She knows her contacts have their reasons for passing on tips. Some are obviously political. Some are personal. Some are just people who have a conscience and want the truth to come out.
Either way, she’ll check everything she gets. If it’s true (and interesting), she’ll write about it. If she can’t verify it, she won’t.
“As long as the public gets the information, I don’t care where it comes from,” she said.
Though she was careful not to give away too much information that could lead to exposing her sources, she did say that “over the years, I’ve developed a lot of contacts, and they come from unexpected places.” It’s not (always) people on city council trying to sabotage someone else for personal political gain. It’s not, despite what you might see on The West Wing, the spokespeople who take journalists aside after a press briefing and leak juicy details prefaced with “this is all off the record.”
And it’s not Gérald Tremblay. (Maybe.)
I asked Gyulai if any of the congratulations she got for her awards came from the mayor or other officials at city hall. After all the attacks levelled at her articles, all the dismissals of the points she tried to bring up, all the times the mayor and others assured the population that the evil media was trying to drum up scandal where none existed, the mayor eventually agreed that the water meter contract was improper, cancelled the contract and called in the police.
If she was right all along, and her work helped stop the city from wasting millions of dollars of taxpayer money, shouldn’t she have gotten an apology, or at least a thank you, from the people in charge?
Apparently, no. Some politicians did call to thank and congratulate her (most, as you’d expect, from the opposition). But she never heard from Tremblay. And she’s okay with that.
“I don’t take it personally,” she said. “It’s a job.”
Gyulai said she has noticed a change in culture between Tremblay and his predecessor, Pierre Bourque. “Bourque didn’t try to shoot the messenger,” she said of attacks on her journalism and those of her colleagues at other media. “The tactic (with Tremblay) seems to be to try to discredit the messenger. I don’t think it works.”

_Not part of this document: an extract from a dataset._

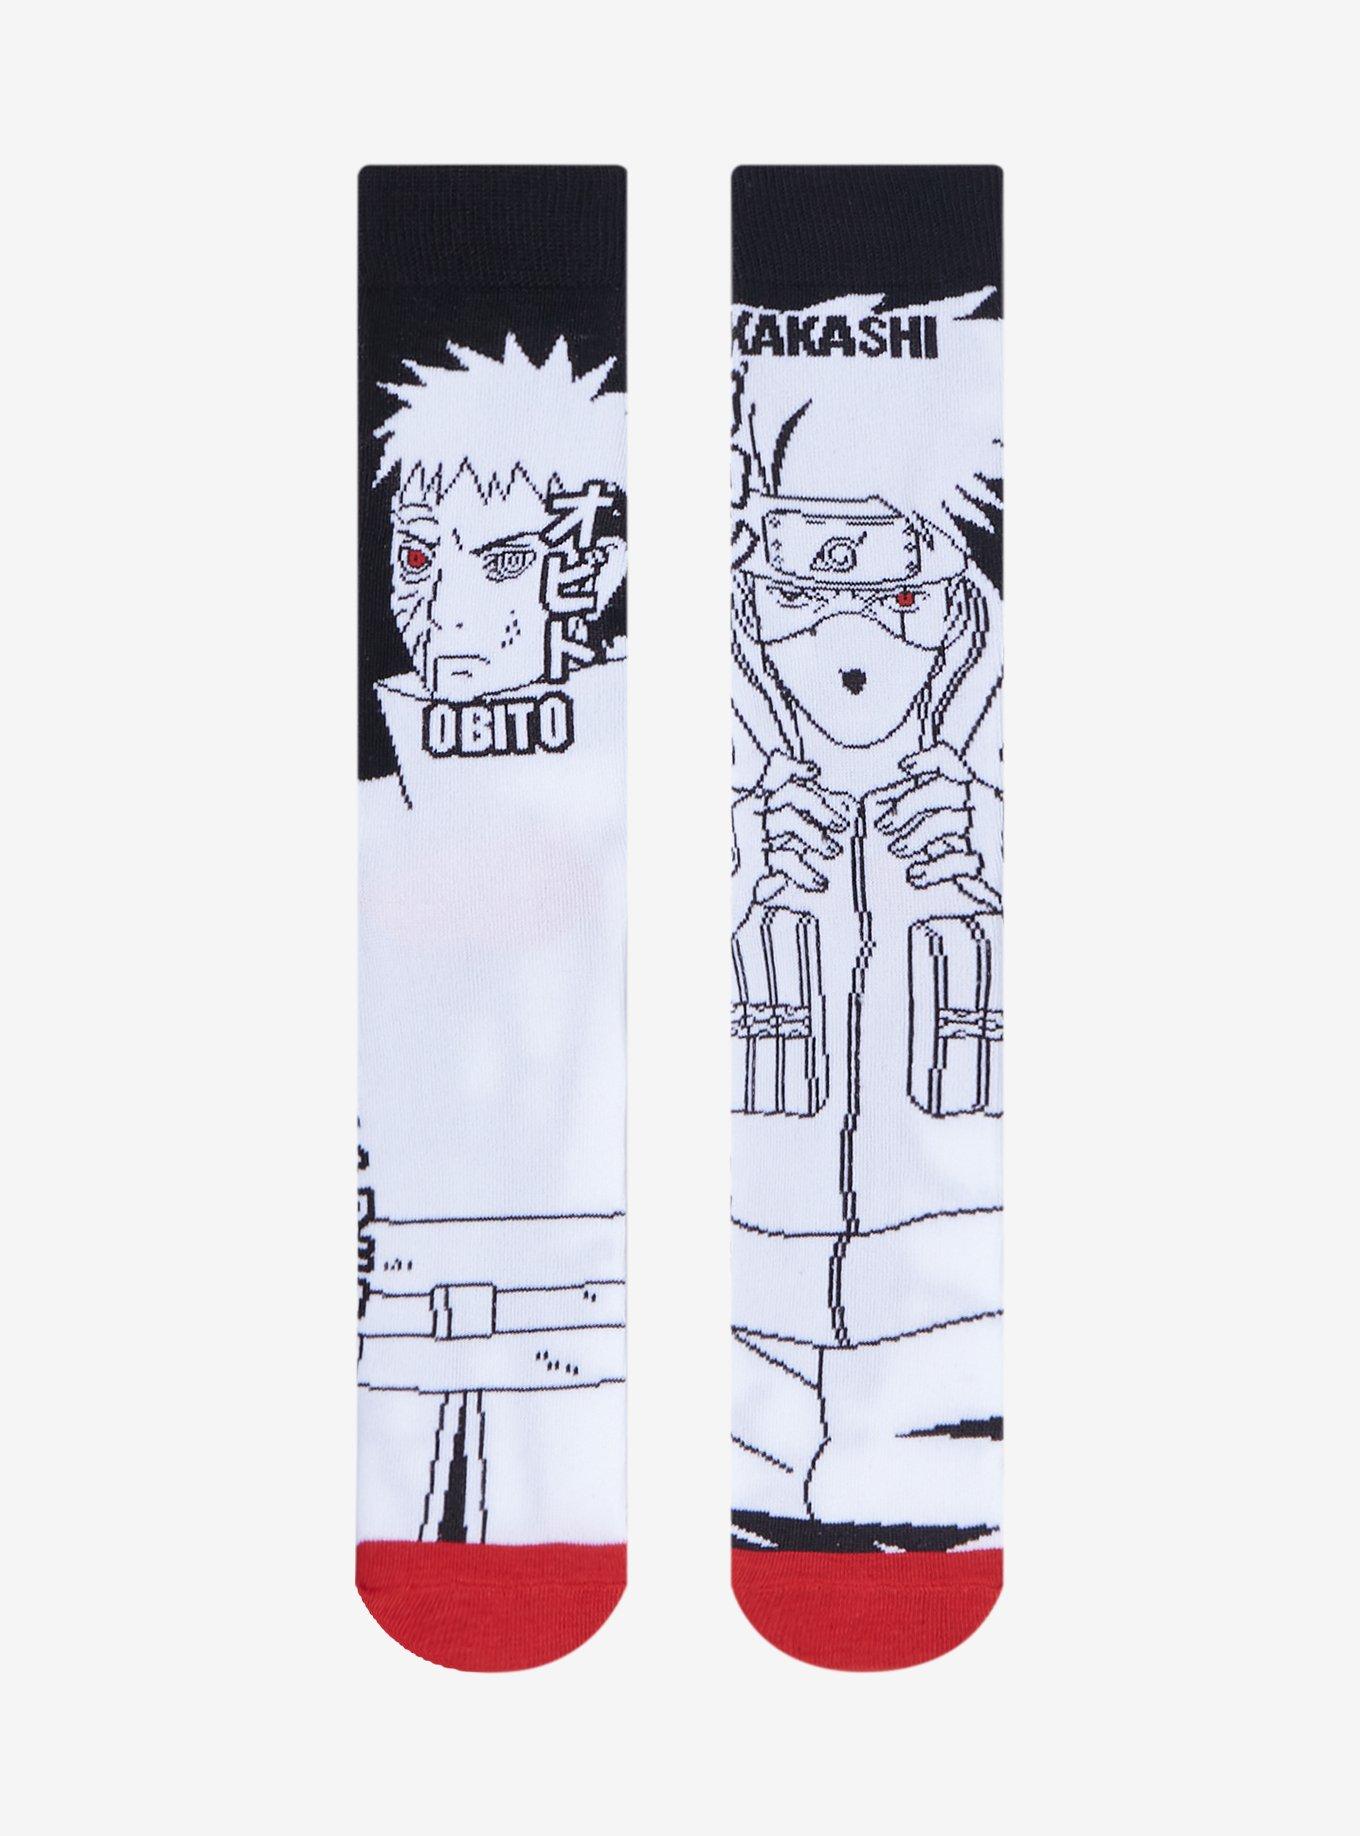 Naruto Shippuden Obito & Kakashi Mismatched Crew Socks

So why try? Gyulai thinks this is an issue of a fundamental misunderstanding about her motivations. They see her as a political element. She doesn’t.
They think she’s out to get the mayor (and hence indirectly support the opposition). She isn’t. Opposition members think she’s their friend because they have the same goals. She isn’t, because they don’t.

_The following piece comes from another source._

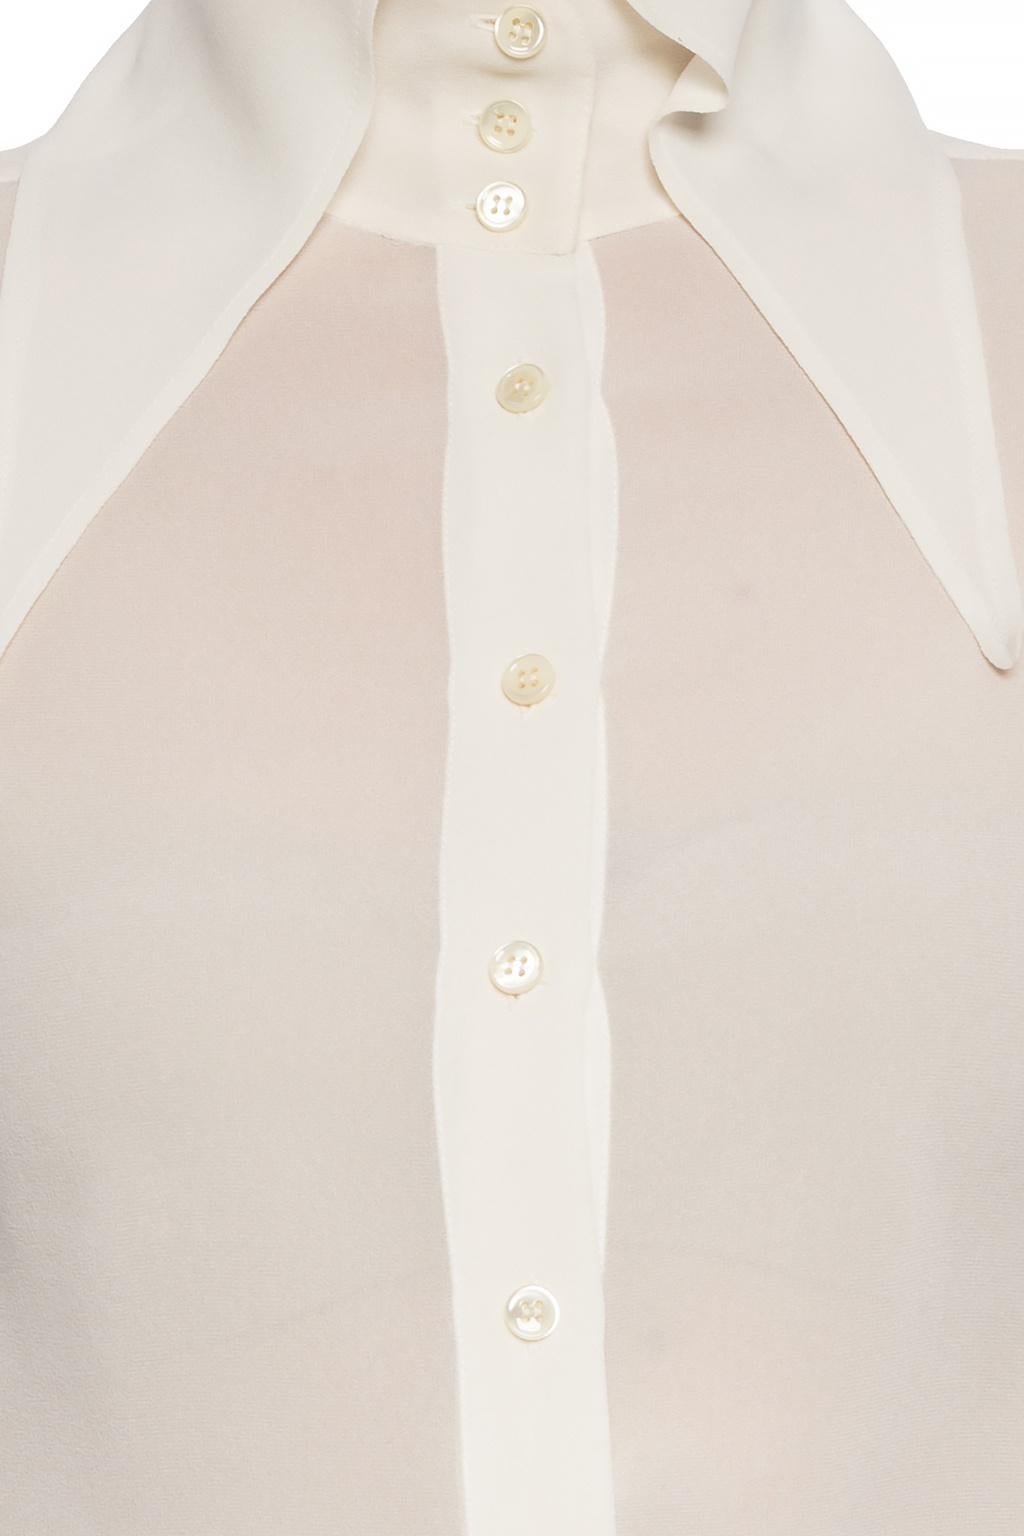 Women's Saint Laurent SS19 Cream Silk Over Sized Collar Shirt Size 38 For Sale

“They’re inherently confrontational,” she said. But Gyulai doesn’t judge her work based on how much political trouble it causes the mayor, or how much it changes the balance of power at city hall. She gets satisfaction from getting the story, bringing clarity to an issue. It could be something scandalous, or it could be just about explaining the history of a traffic cone.
Still, Gyulai sees herself as a force of good in her little world.
“I like covering city hall because it’s one of the few places where you can ride that horse of righteousness,” she said.
Congratu … Point of order!
Last week, as city council was meeting, Gyulai got word via one of those old-fashioned letters that Vision Montreal was going to present a motion to the council congratulating her and The Gazette for their Michener award win.
But it never made it to council. Rumour had it that Marvin Rotrand, the majority party’s leader in the council, didn’t want it presented.
Rotrand told me later that’s not how it went down. He said he was only told about it the night before the council meeting, after he would have had a chance to discuss it with his caucus, and then they simply chose not to present the motion to council.
“It’s a constant game between Anie Samson and myself,” Rotrand said, referencing his counterpart with Vision Montreal.
Vision Montreal didn’t respond to a request for comment about this.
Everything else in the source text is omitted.